Constantinople: City of the World's Desire, 1453–1924
- Author: Philip Mansel
- Subject: Constantinople
- Genre: Non-fiction
- Publication date: 1995

= Constantinople: City of the World's Desire, 1453–1924 =

1995 book by Philip Mansel

Constantinople: City of the World's Desire 1453-1924 is a 1995 non-fiction book by Philip Mansel, covering Constantinople (now Istanbul) during the rule of the Ottoman Empire.

The author hoped to show positive aspects of the Ottoman Empire while acknowledging some negative aspects.

William Dalrymple of The Independent stated that it is an important work due to few people being able to comprehend Ottoman Turkish and therefore being able to research the Ottoman Empire.

==Background==
William Armstrong of Hürriyet Daily News stated that the usage of "Constantinople" instead of "Istanbul" was a "deliberate decision" to highlight the "historical cosmopolitanism" that ended after the end of the empire.

==Contents==
Mordecai Lee of the University of Wisconsin-Milwaukee states that the book "maintains a strict academic-level presentation" although it is "eminently readable for a lay person". The author discusses the various aspects of the city, among them religious tolerance and tensions. Armstrong states that the book does not flesh out "historical background" and therefore does not demonstrate "deep impression of the underlying intellectual undercurrents".

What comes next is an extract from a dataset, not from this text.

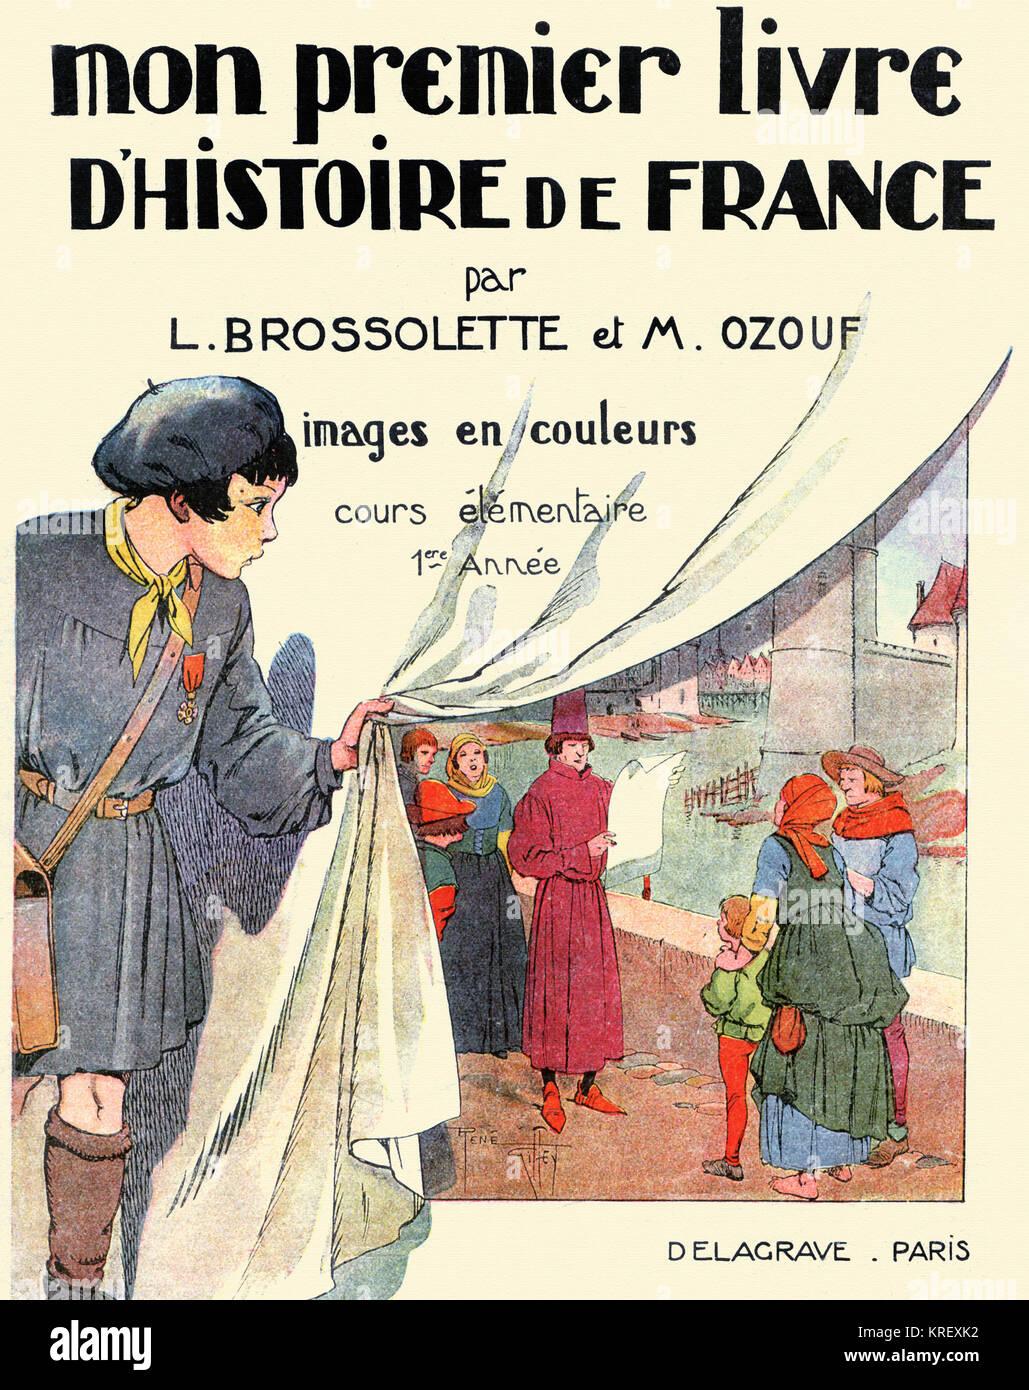 Erstes Buch über die Geschichte Frankreichs Abdeckung Stockbild

The book's bibliography and end notes sections make up 22 and 41 pages each.

==Reception==
John Ash of The Washington Post stated that Mansel wrote an "engaging and richly detailed account".

Lee stated that the "more positive aspects of Ottoman history[...]are especially enlightening to the reader". Lee praised how the "information flows naturally" and concluded that it was an "outstanding book".